[Opening INFORMATION PROVIDED section]
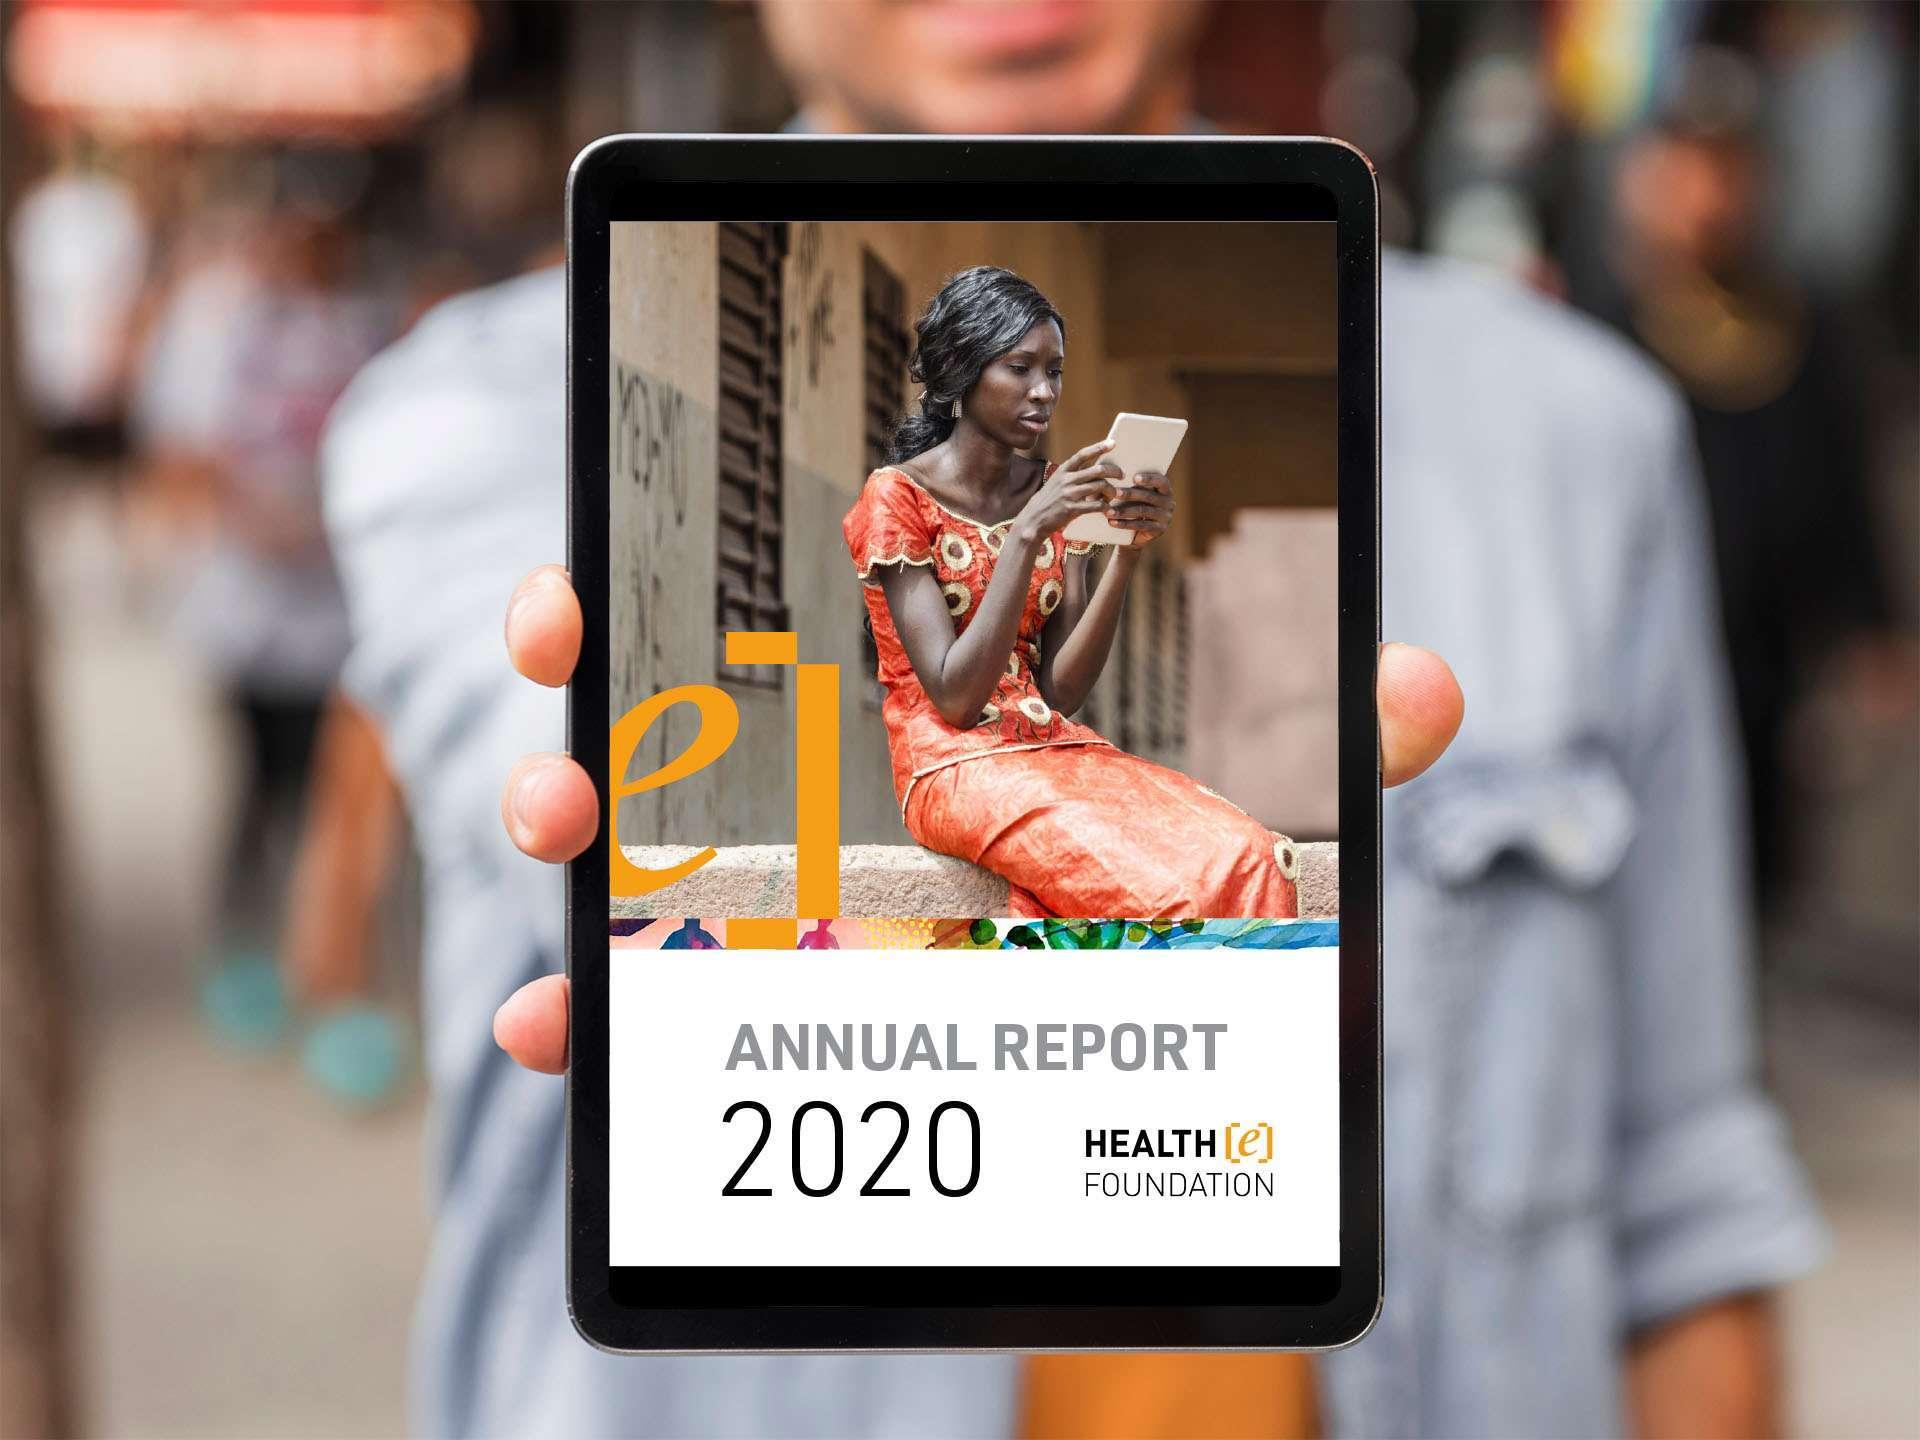 Jaarverslag laten maken zoals deze van HealtheFoundation door Aadwork uit BINK36 Den Haag
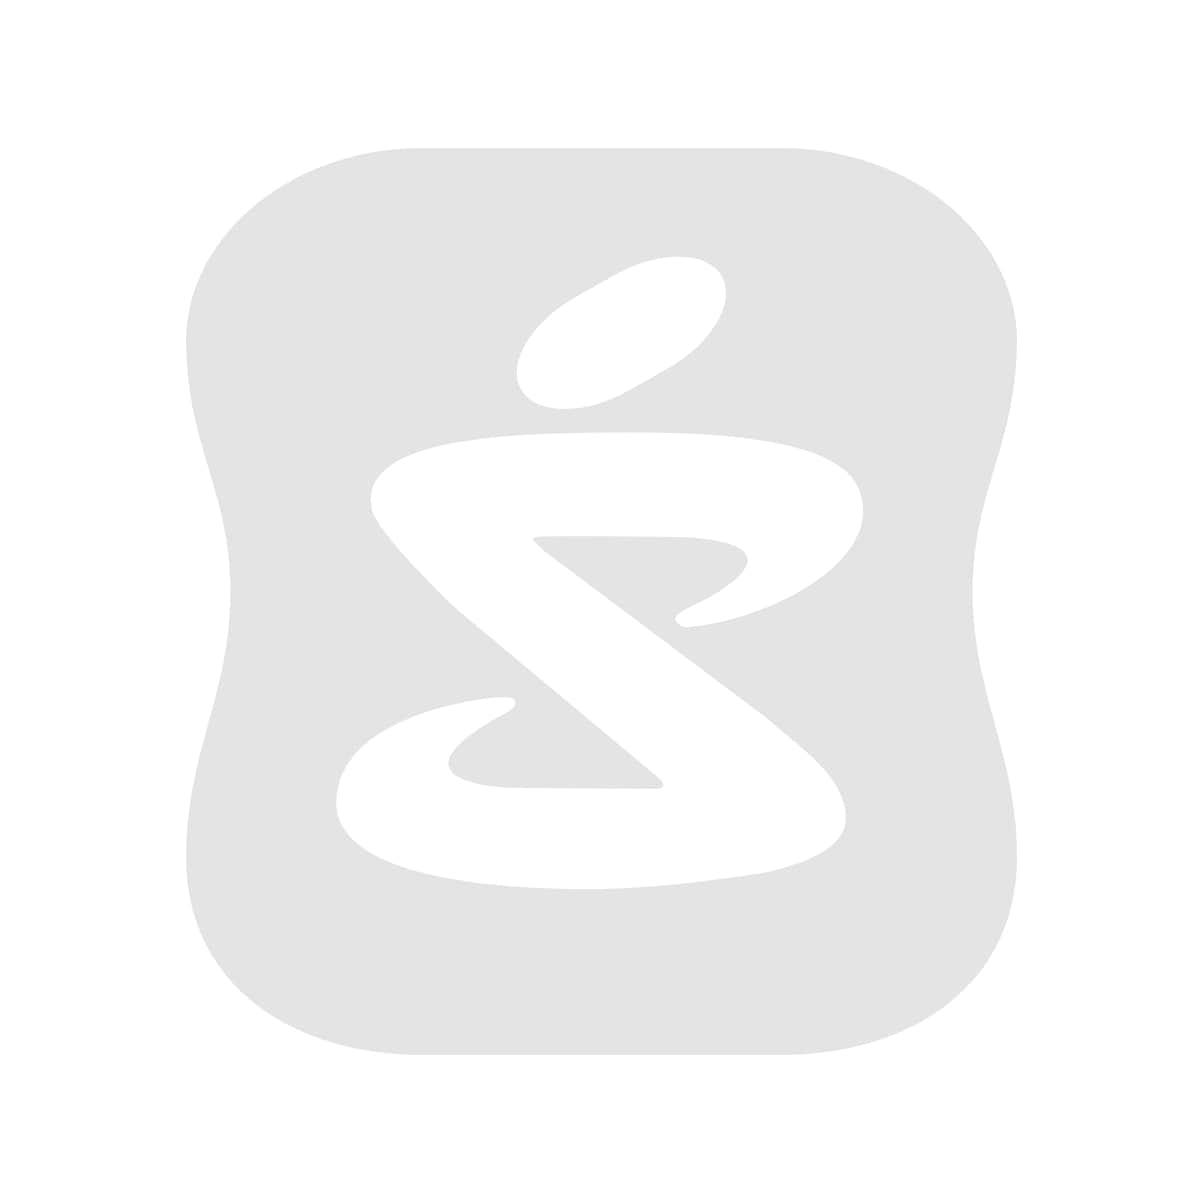 Nivea Men Deep Clean Shave
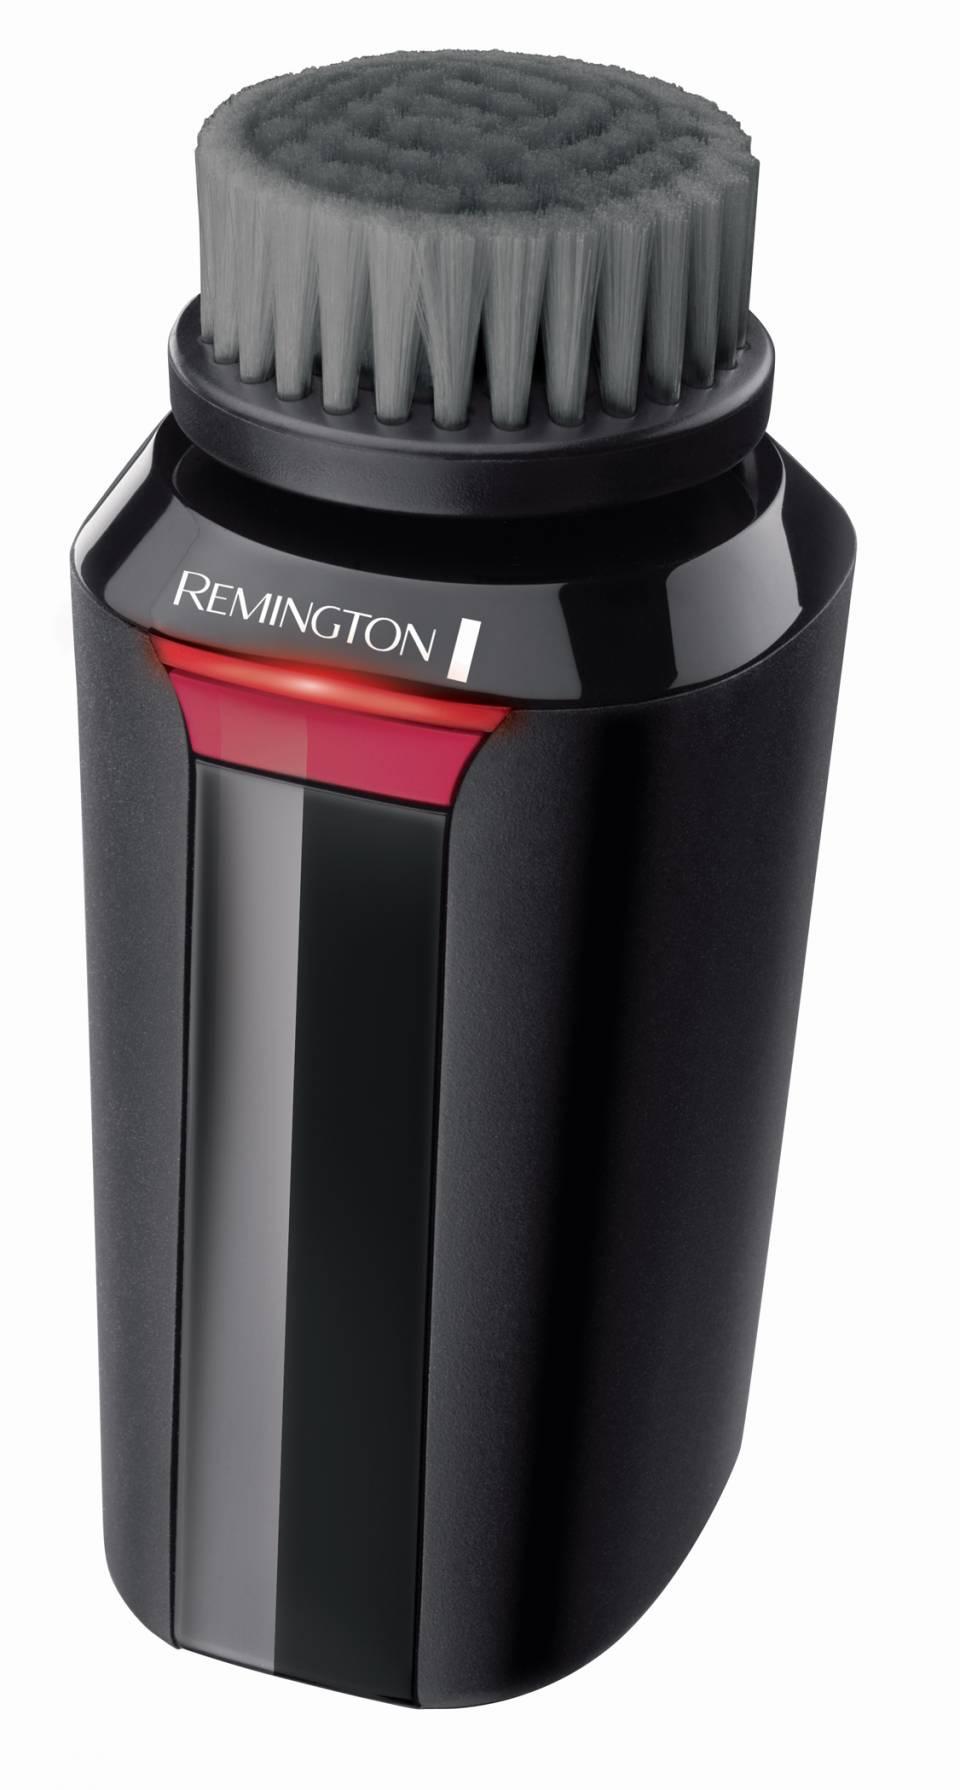 Remington Gesichtsreinigungsbürste Recharge FC 1500 mit Dual-Action-Technologie.
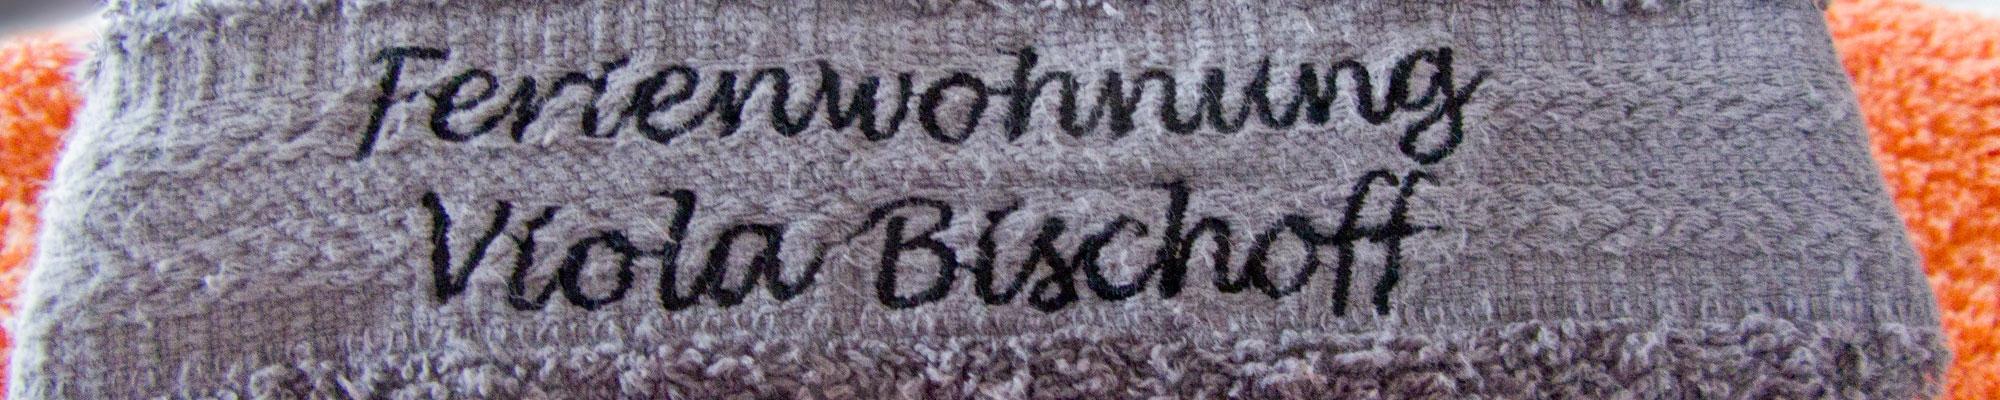 Spreewald Ferienwohnung Viola Bischoff
[Closing INFORMATION PROVIDED section]
## WORK ORDER:
An exact repetition of the listing is needed, with the pictures dropped.

## FINISHED TASK:
 Jaarverslag laten maken zoals deze van HealtheFoundation door Aadwork uit BINK36 Den Haag
 Nivea Men Deep Clean Shave
 Remington Gesichtsreinigungsbürste Recharge FC 1500 mit Dual-Action-Technologie.
 Spreewald Ferienwohnung Viola Bischoff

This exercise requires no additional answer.